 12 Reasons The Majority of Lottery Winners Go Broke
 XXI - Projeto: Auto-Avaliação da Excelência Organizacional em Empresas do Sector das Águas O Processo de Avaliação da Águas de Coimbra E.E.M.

***

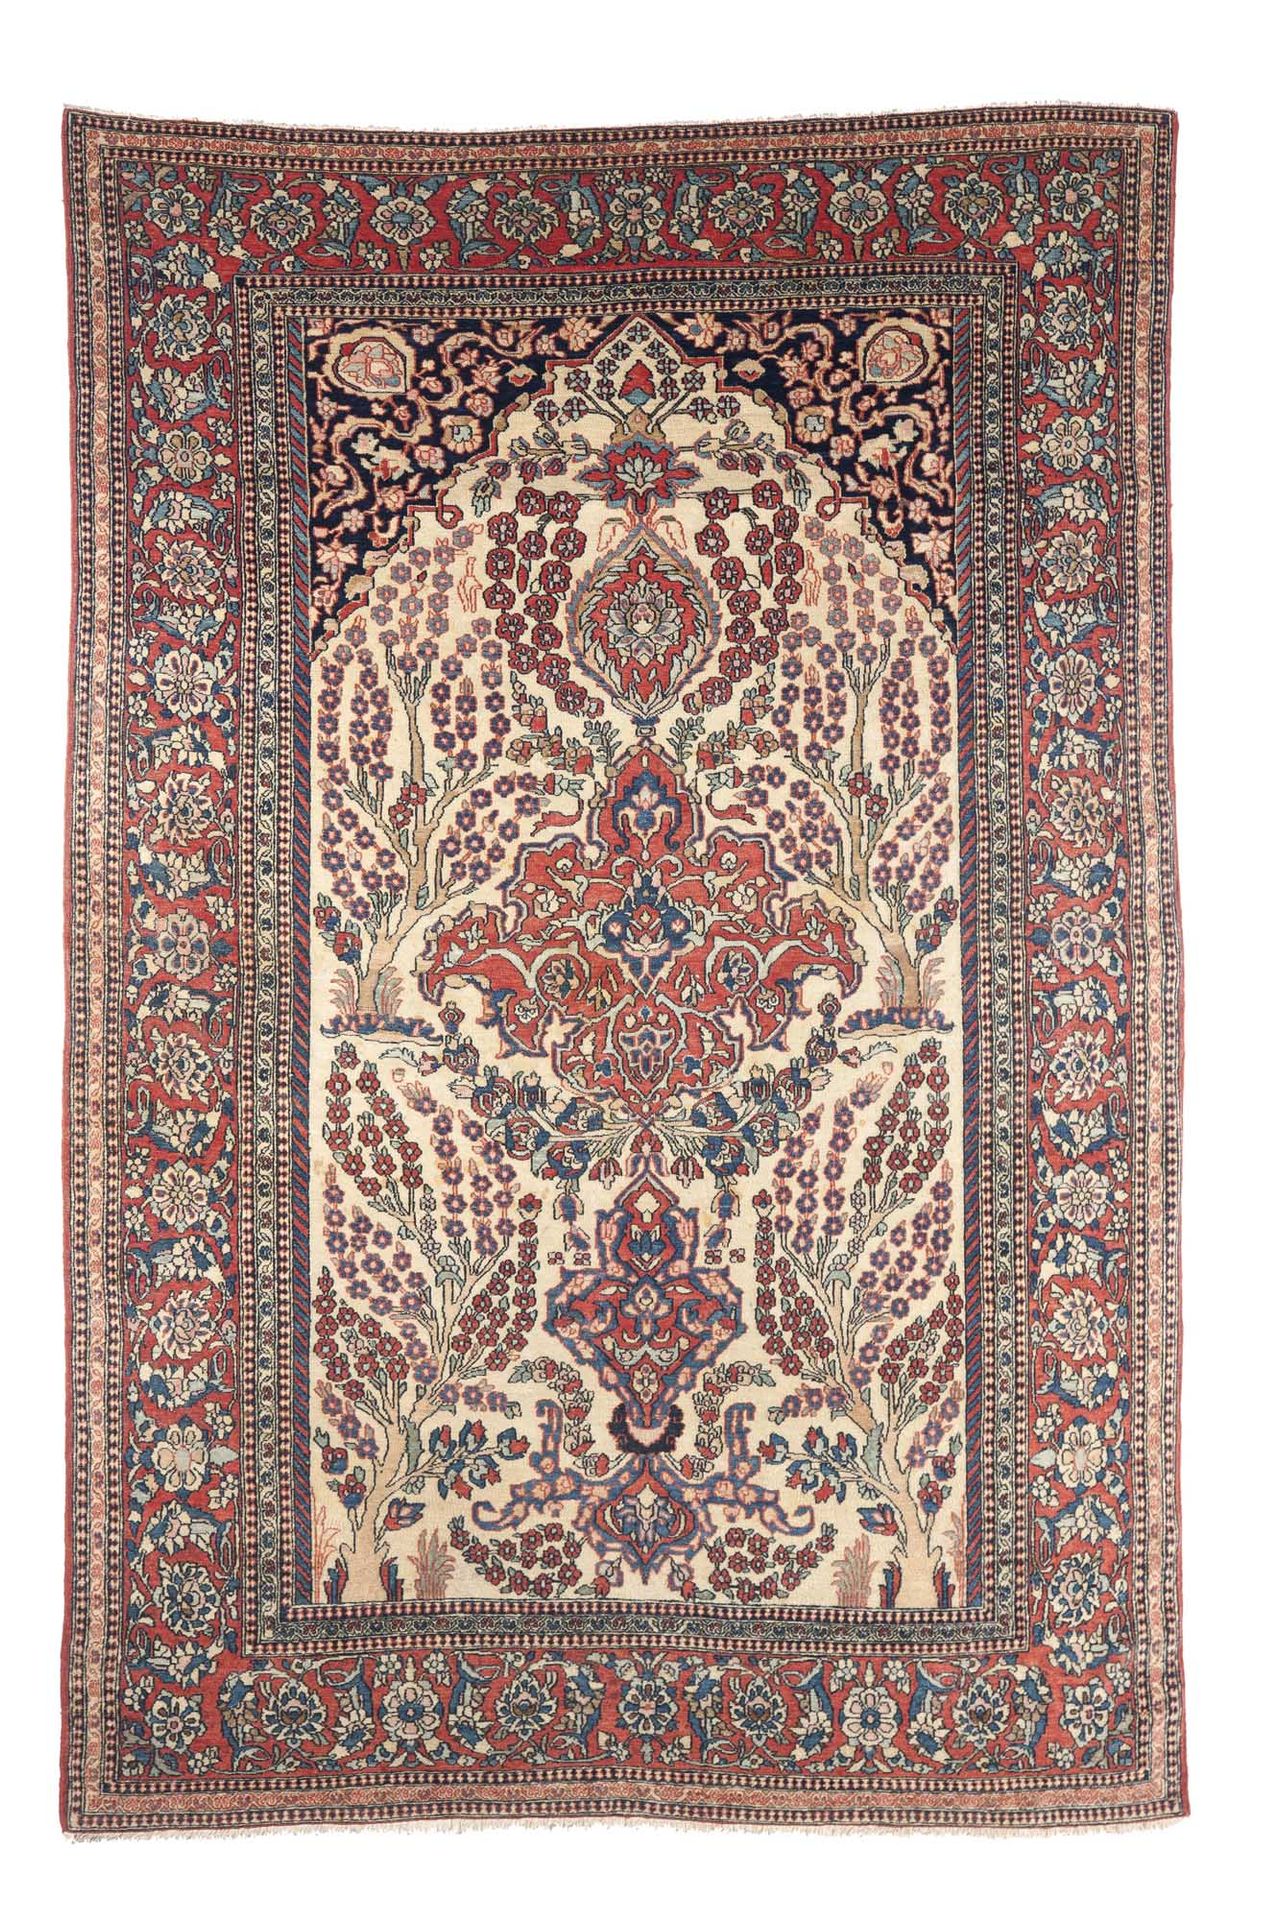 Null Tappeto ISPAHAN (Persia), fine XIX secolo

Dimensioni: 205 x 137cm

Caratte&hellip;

***

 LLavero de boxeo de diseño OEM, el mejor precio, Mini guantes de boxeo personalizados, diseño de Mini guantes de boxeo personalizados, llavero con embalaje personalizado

***

DESCRIPTION OF THE TASK
In the listing above, locate the line containing "12 Reasons The" and the line containing "XXI - Projeto: Auto-Avaliação", then transcribe both and every line between them verbatim.

RESULT
 12 Reasons The Majority of Lottery Winners Go Broke
 XXI - Projeto: Auto-Avaliação da Excelência Organizacional em Empresas do Sector das Águas O Processo de Avaliação da Águas de Coimbra E.E.M.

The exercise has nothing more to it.